# IL-2, P-47, P-51…and a Dreamliner



## Violator (Jul 4, 2014)

I took these at Paine Field in Everett, WA last week:


----------



## Jeff Hunt (Jul 4, 2014)

Very nice set of pictures. A bucket list destination for sure.

Cheers,

Jeff


----------



## razor1uk (Jul 4, 2014)

Nice pics, cool angle and nice to see ome (ex)allies together; although I think that's a 727/737 based Boeing - with new(er) engines aerodynamic improvements making it seem similar to the Dreamliner in that it's almost half the size and half the deckage.


----------



## Jeff Hunt (Jul 4, 2014)

razor1uk said:


> Nice pics, cool angle and nice to see ome (ex)allies together; although I think that's a 727/737 based Boeing - with new(er) engines aerodynamic improvements making it seem similar to the Dreamliner in that it's almost half the size and half the deckage.

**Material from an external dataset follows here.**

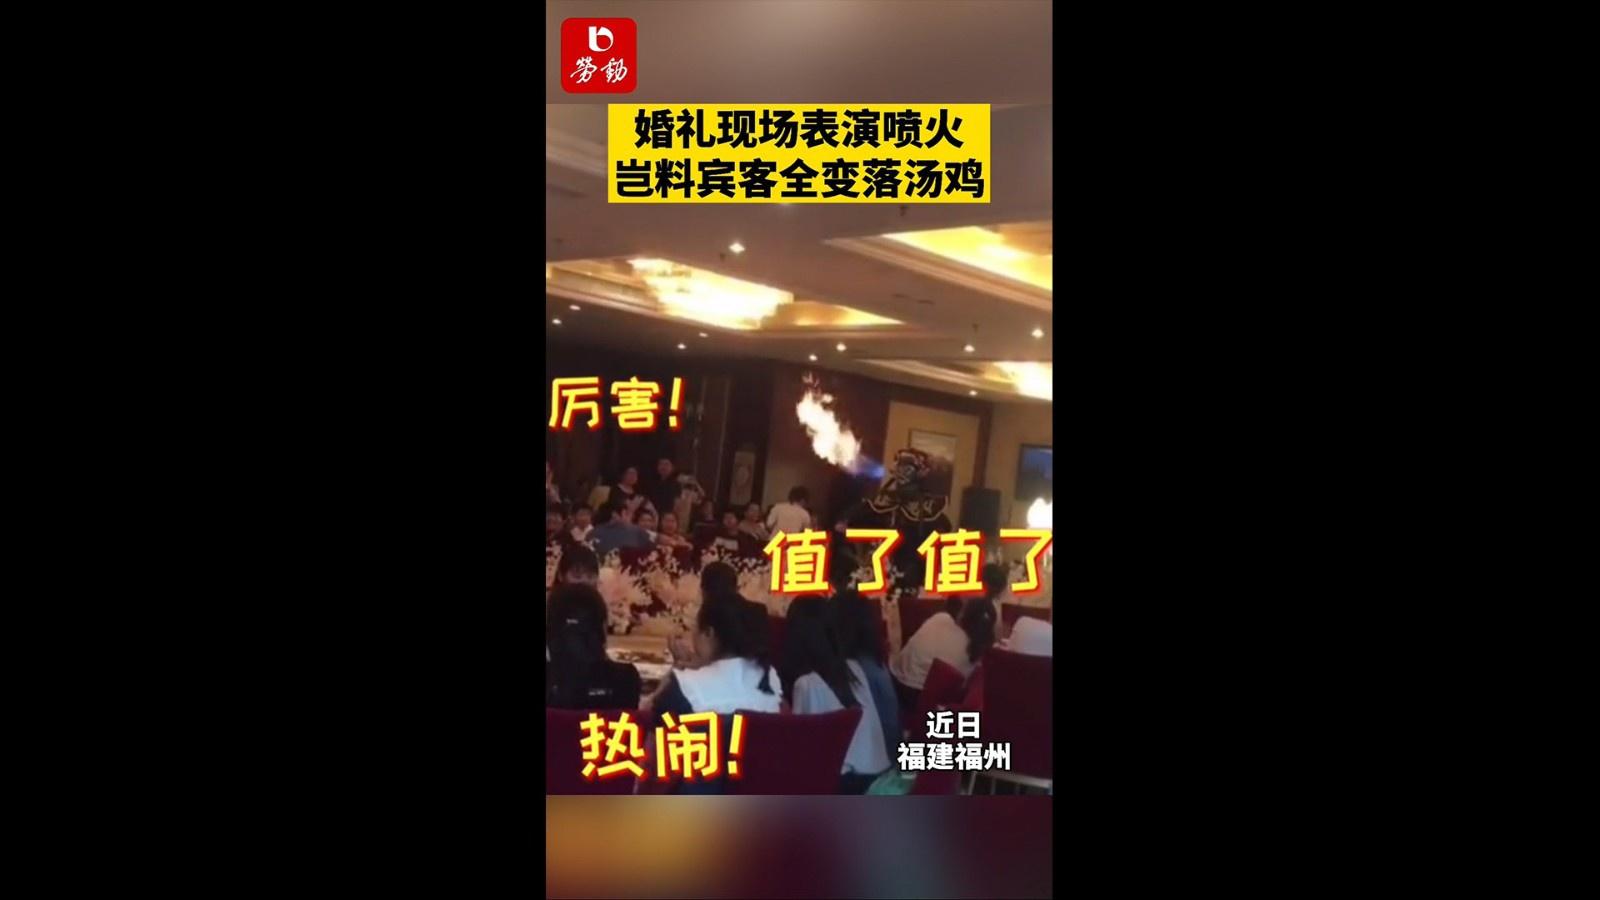 婚礼表演变脸喷火,岂料触发消防喷头,宾客全变落汤鸡

It is most definitely a 787 Dreamliner.

Cheers,

Jeff


----------



## razor1uk (Jul 4, 2014)

Ok, ..my mistake, I was thinking the 787 was doubledecker... doh! so the Boring is a expanded and modern materials teched grandchild of a 737, not a twin engined mini jumbo...


----------



## Wurger (Jul 4, 2014)




----------



## Gnomey (Jul 4, 2014)

Good shots!


----------